Не «строгою», а гордою (см. «Tristia»). He отрываясь целовала — что? — распятие, конечно, перед которым в Москве, предположим, гордилась. Гордой по молодой глупости перед Богом еще можно быть, но строгой? Всякая монашка строга. В данной транскрипции получается, что «она» целовала не икону, а человека, что совершенно обессмысливает упоминание о Спасе и все четверостишие. Точно достаточно прийти к Богу, чтобы не отрываясь зацеловать человека.

Нам остается только имя,

Блаженный звук, короткий срок.

Не «блаженный звук, короткий срок», а (см. книгу «Tristia»):

Чудесный звук, на долгий срок.

Автор воспоминаний, очевидно, вместо «на долгий» прочел «недолгий» и сделал из него «короткий». У поэтов не так-то коротка память! — Но можно ли так цитировать, когда «Tristia» продается в каждом книжном магазине? Кончается фельетон цитатой:

Где обрывается Россия

Над морем черным и чужим.

Это пишущему, очевидно, — чужим, нам с Мандельштамом родным. Коктебель для всех, кто в нем жил, — вторая родина, для многих — месторождение духа. В данном же стихотворении:

Где обрывается Россия

Над морем черным и глухим, —

глухо-шумящим, тем же из гениального стихотворения Мандельштама:

Бессонница, Гомер, тугие паруса.

Я список кораблей прочел до середины:

Сей длинный выводок, сей поезд журавлиный,

Что над Элладою когда-то поднялся —

Как журавлиный клин в чужие рубежи!

На головах царей божественная пена

Куда плывете вы? Когда бы не Елена,

Что Троя вам одна, ахейские мужи!

И море и Гомер — все движется любовью.

Кого же слушать мне?

И вот, Гомер молчит,

И море Черное, витийствуя, шумит

И с тяжким грохотом подходит к изголовью.

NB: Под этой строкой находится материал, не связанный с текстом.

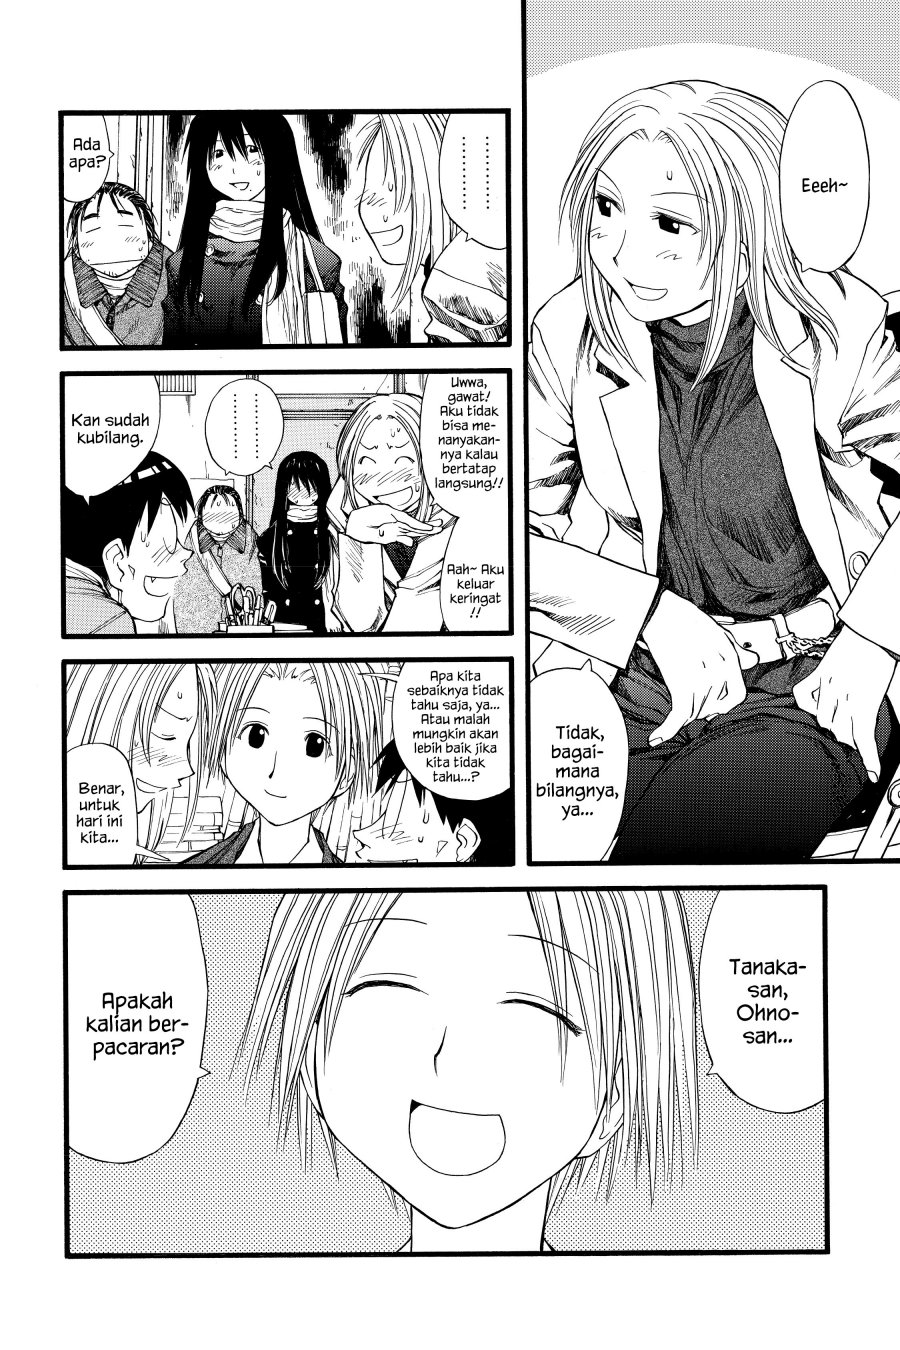 Genshiken – The Society for the Study of Modern Visual Culture Chapter 23 Image 7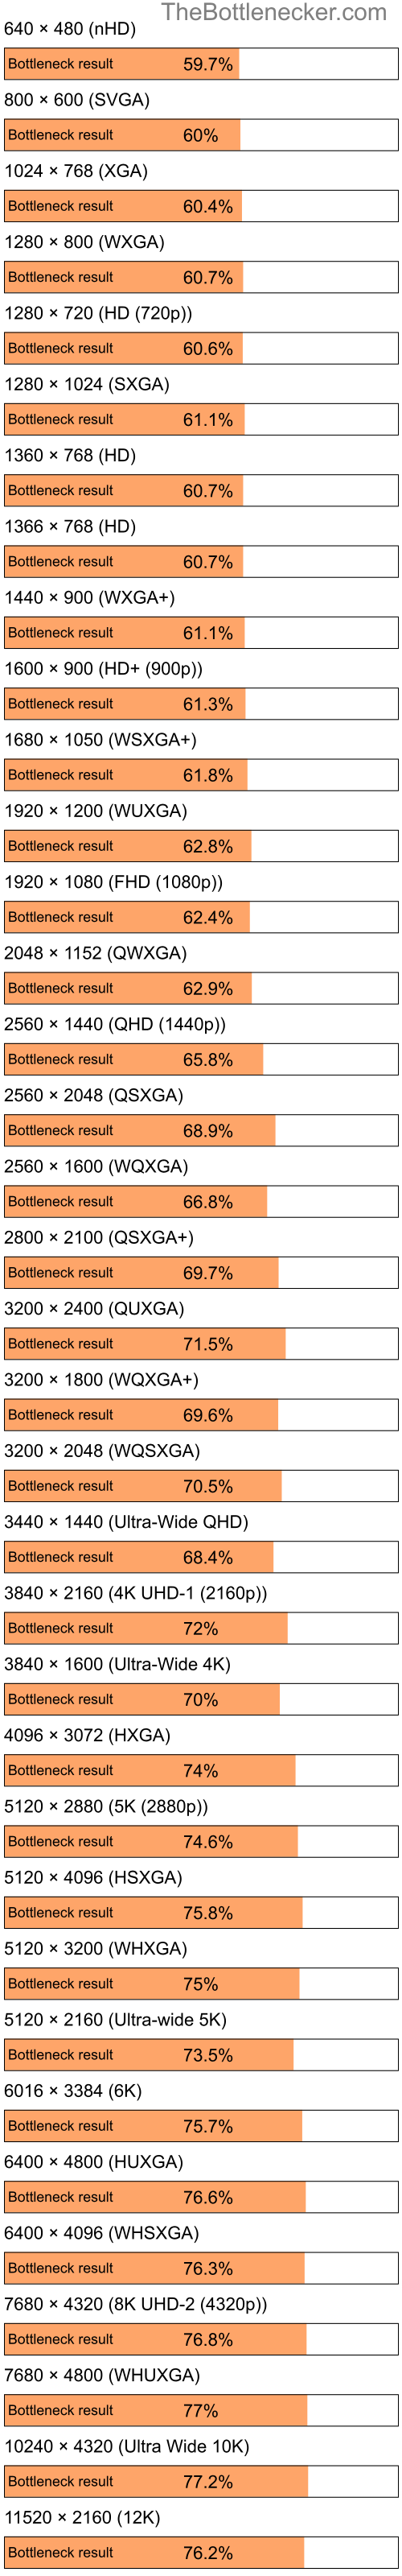 Bottleneck results by resolution for Intel Atom Z520 and AMD Radeon X1950 GT in General Tasks

Во избежание могущих повториться недоразумений оповещаю автора фельетона, что в книге «Tristia» стихи «В разноголосице девического хора», «Не веря воскресенья чуду…» («Нам остается только имя — чудесный звук, на долгий срок!»), «На розвальнях, уложенных соломой» принадлежат мне, стихи же «Соломинка» и ряд последующих — Саломее Николаевне Гальперн, рожденной кн. Андрониковой, ныне здравствующей в Париже и столь же похожей на ту женщину-врача, как и я.

Что весь тот период — от Германско-Славянского льна до «На кладбище гуляли мы» — мой, чудесные дни с февраля по июнь 1916 года, дни, когда я Мандельштаму дарила Москву. Не так много мне в жизни писали хороших стихов, а главное: не так часто поэт вдохновляется поэтом, чтобы так даром зря уступать это вдохновение первой небывшей подруге небывшего армянина.

Эту собственность — отстаиваю.

___________

Но не о мне одной речь, мне — чтó; что эта брюнетка с армянином — я — никто не поверит. Что эти стихи ей, а не мне — если даже поверят — мне что! В конце-то концов! Знает Мандельштам, и знаю я.

И касайся это только меня, я бы только смеялась. А сейчас не смеюсь вовсе. Ибо дело, во-первых — в друге (моем и, как выясняется из фельетона, и автора. NB! Если так помнят друзья, то как же помнят враги?), во-вторых, в большом поэте, которого выводят пошляком (Мандельштам не только данной женщины не любил, но любить не мог), в-третьих, в другом поэте — Волошине — которого выводят скрягой и извергом (не давать воды), и в-четвертых, — в том, что все это преподносится в виде поучения молодым поэтам.

Закончим началом фельетона, вскрывающим повод, причину и цель его написания:

«На одном из собраний парижской литературной молодежи я слышал по своему адресу упрек: „Зачем вы искажаете образ Мандельштама, нашего любимого поэта? Зачем вы представляете его в своих воспоминаниях каким-то комическим чудаком? Разве он мог быть таким?“

Именно таким он и был. Ни одного слова о Мандельштаме я не выдумывал…»

В данном фельетоне, как доказано, выдуманы всё.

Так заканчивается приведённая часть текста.